Call me vulnerable. Because I am. I will call you vulnerable too. It’s clear to me that somehow, in some way(s), we all display being vulnerable, all the time or some of the time.

My spouse has always called single friends and relatives to check that they arrived home safe and sound. The recipients tell her they appreciate this.

But, in a new twist, some men are calling each other to say, “good night,”  in a good old-fashioned phone call, as documented in this recent newspaper article.

It really is heart-warming and refreshing. Friendship-cementing. Gender norms-adapting. The times they are a-changing.

I believe not enough of us check in with other friends (all genders) to see that they are all right. By day or at night. For no reason other than to be concerned about them and let them know they are appreciated.

Any feeling of loneliness (and yes, we all have some touch of it!) can be allayed, at least partially, in that warm feeling that someone close to you took the time to care, to ensure you are safe, sound, and secure. Makes the heart feel warm, right?

Or when you notice a connection has been absent, hasn’t posted on social media or other e-communication (especially on LinkedIn IMHO), I urge you to reach out to ask, “are you ok?” or “has something extraordinary happened?” (to which you may find out some positive, or negative a life event: a parent died, they are sick or attending to someone who is, they are subsumed in their work, a child needed extra attention, etc.), any of a number of reasons and events kept them away from their usual timbre keeping us informed and enriched by their POV. Or their inward imposter syndrome holds them back in toxic self-myths and must be loosened and released, by those who appreciate them.

You. Me. Us.

Social professionalism is the combination of objective workload admiration and assistance, coupled with interpersonal subjective interaction. It’s an art to balance them. No two superstars handle their workload, professional relationships, and interpersonal friendships the same way. Often the boundaries between work and personal blur. Some do not let us into their personal world to help them in a rough time, rather they “tough it out.”

I see this vulnerability in my LinkedIn coaching practice among men, women, young, older, successful power brokers, unsure new entrepreneurs, highly capable professional practitioners, recent grads and newbies, under-employed job candidates, those transitioning into a new industry. Yes, from other personal coaches and trainers too–anyone who in a life adjustment, and often those endeavoring to do so in others. Cobbler’s children, right?

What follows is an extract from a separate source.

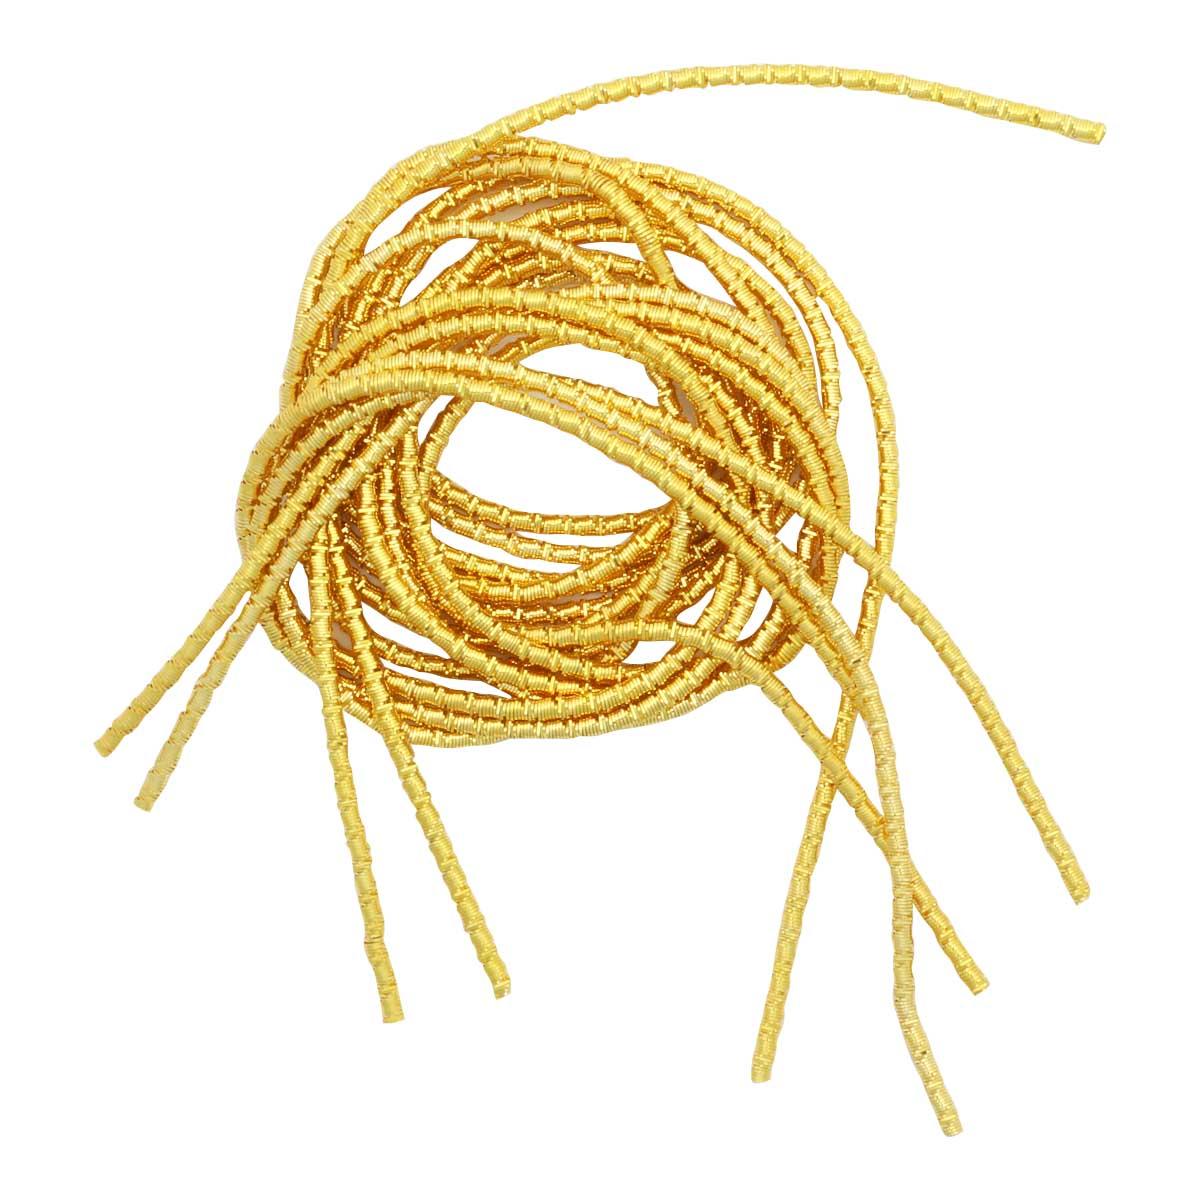 ТБ003НН2 Трунцал Бамбук золото 2 мм, 5 гр. +/- 0,1 гр.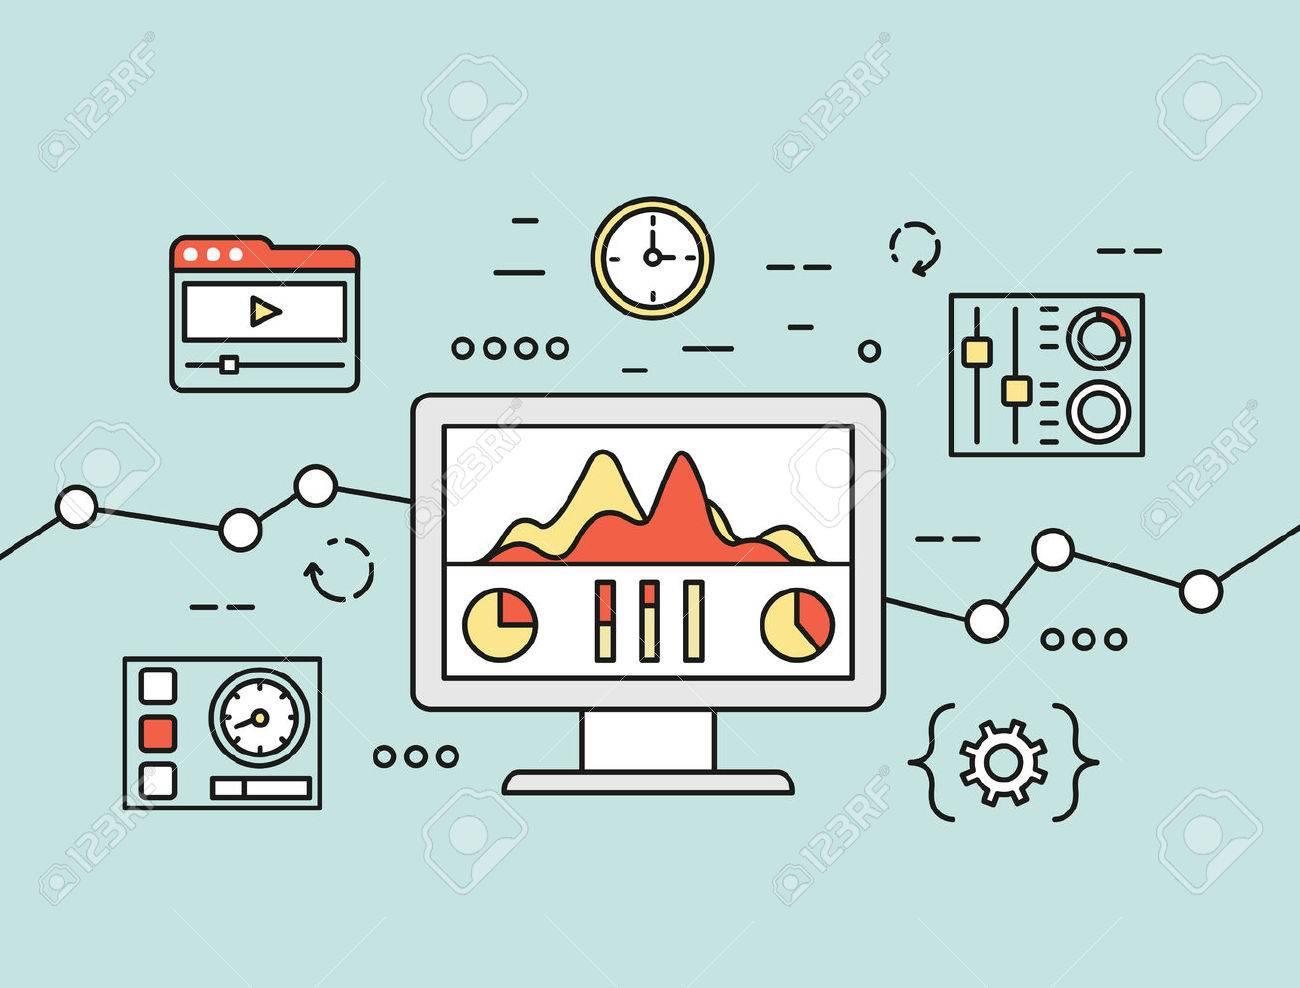 Concepto Del Vector De Información De Búsqueda De Análisis De Sitios Web Y  El Análisis De Datos De Computación En El Uso De Dispositivos Móviles,  Aplicaciones Y Programas Especiales. Aislado En El

It’s just not healthy to face trauma singularly. Ask for support. You know whom to rely on. Yet we shrink back and resist asking for help.

If you are vulnerable, find the right person to lean on. If you know someone who needs a shoulder, offer it without being asked, via any communication method, listening carefully to their response to your initial “how are you?” In either case, don’t repress your human-ity due to societal mores.

It goes both ways. You could be the rock today and the person needing support tomorrow. What goes around comes around.

In either situation, just try it: reach out and “touch” someone, or allow them to ”touch” you. The surprise factor of being recognized as AWOL or vulnerable is a wonderful support  to  someone during their hard times. Or just converse.

How did the surgery go? Did you get home ok? Do you need some help? Just checking on you to see you are ok.

When my friend was mysteriously ill with no clear remedy or treatment, I sent him daily flower pictures as cheer emails (all he could handle at the time). To my mentorship friend who suffered a stroke, I check in on him every so often to apprise his progress. To my former boss from the 1970s in his spate of rapid medical challenges (all thankfully resolved) I called him in the hospital to spend the quality time and hear his stories. To my European colleague whose father was terminally ill, I zoomed to listen to his pain as he watched the decline that ultimately led to his loss. To my client whose mother was suddenly hospitalized, I checked in until she was released and home to recuperate. When I had a sudden heart attack last summer, I greatly encouraged and appreciated all the check-ins from my colleagues and friends that helped me spend my alone time.

I hope this bedtime calling habit sticks, not just a TikTok fad, as the linked article hints, “as reminder to men (and women I will add) about the importance of re-evaluating ideals that may not be best serving them..to take this time to think about…ideologies they were taught at a young age and be open to expressing vulnerability more genuinely.”

These men were “pleasantly surprised by how good it feels to check in with a friend or have a friend concerned about you.” Watch the videos embedded in the article.

Men, women, all of you reading here, try it.

Tell me in your responses: why, and how, do you agree? In human words, please. Emojis are just not enough.